NanoString is not mentioned in the table since it covers a maximum of 800 points and not the complete miRnome (the input is also 100ng by the way). I think it would be fairer to compare it to TaqMan array MicroRNA cards (740 points) or any Pathway PCR arrays than to microarrays, NGS and even full miRnome PCR arrays. It is a very different approach that would make sense with projects for which researchers can reduce the set of miRNA to a couple of pathways. And for those projects, the number of targets is the key question for deciding on the method, since direct RT-qPCR may be possible. It’s another topic…

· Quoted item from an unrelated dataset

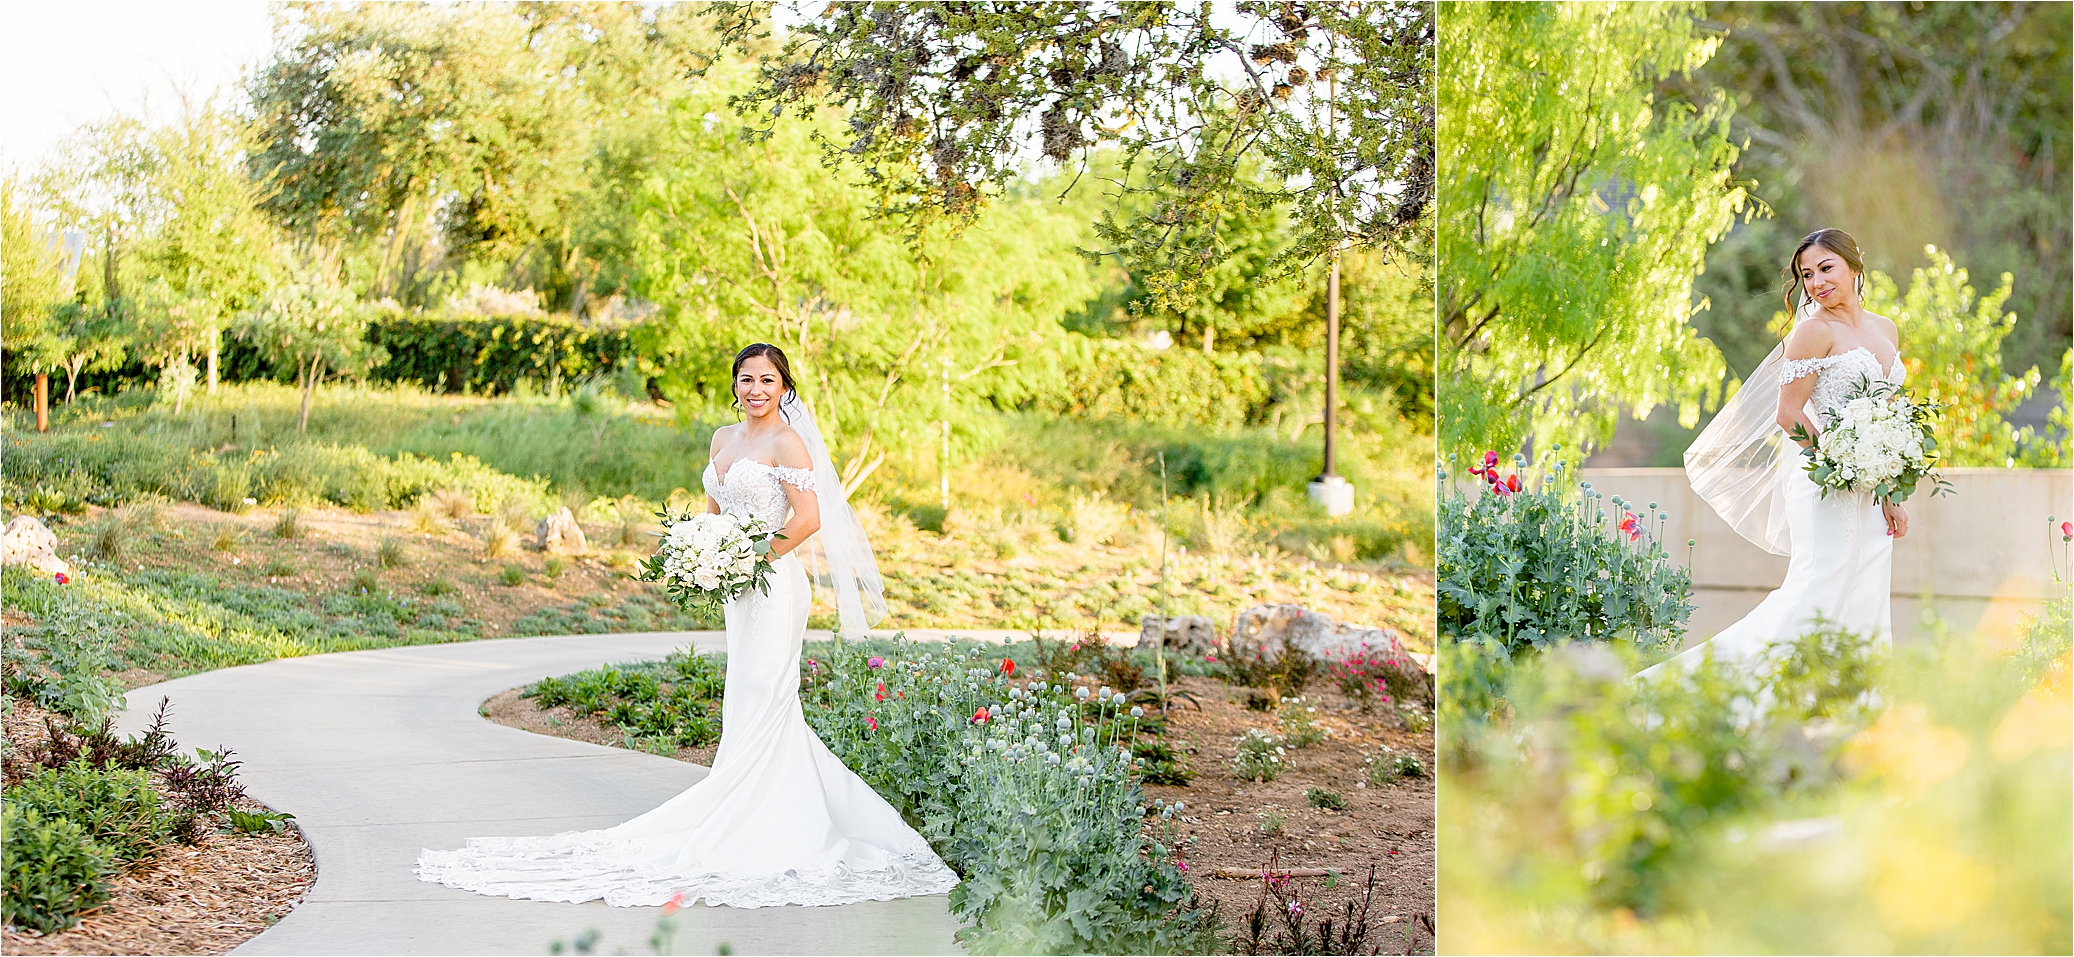 A bride smiles and holds her bouquet during her bridal portraits with Jillian Hogan Photography at San Antonio Botanic Garden

My recommendation for full and fair profiling
You can find several articles (Mestdagh et al Nature Methods 2014 notably) that review the methods for miRNA profiling. As far as I know, none take any clear position, as it is not possible to take a decision among so many options. Thus, my own input here is to share with you what I have noted and to reach a simple and useful conclusion to this complicated story!
For whole miRnome profiling, 3D-gene microarray technology can reveal variations and constants through samples. And so it brings biomarker signatures and a set of references. And no other profiling method can do it with so much sensitivity, reproducibility and accuracy, except NGS. But they are far more expensive and complicated. Then RT-qPCR validation with the identified references can normalise and confirm the signature and could also help with standardisation. That seems a perfect method possible from 150µl of plasma per sample.
You might think my conclusion that the top choice is 3D-gene microarray profiling combined with qRT-PCR validation, is because tebu-bio is a European platform for both of these technologies. In fact, we are indeed a service provider of this technique combo, purposely because it is the top choice, and it’s our mission to bring researchers the best.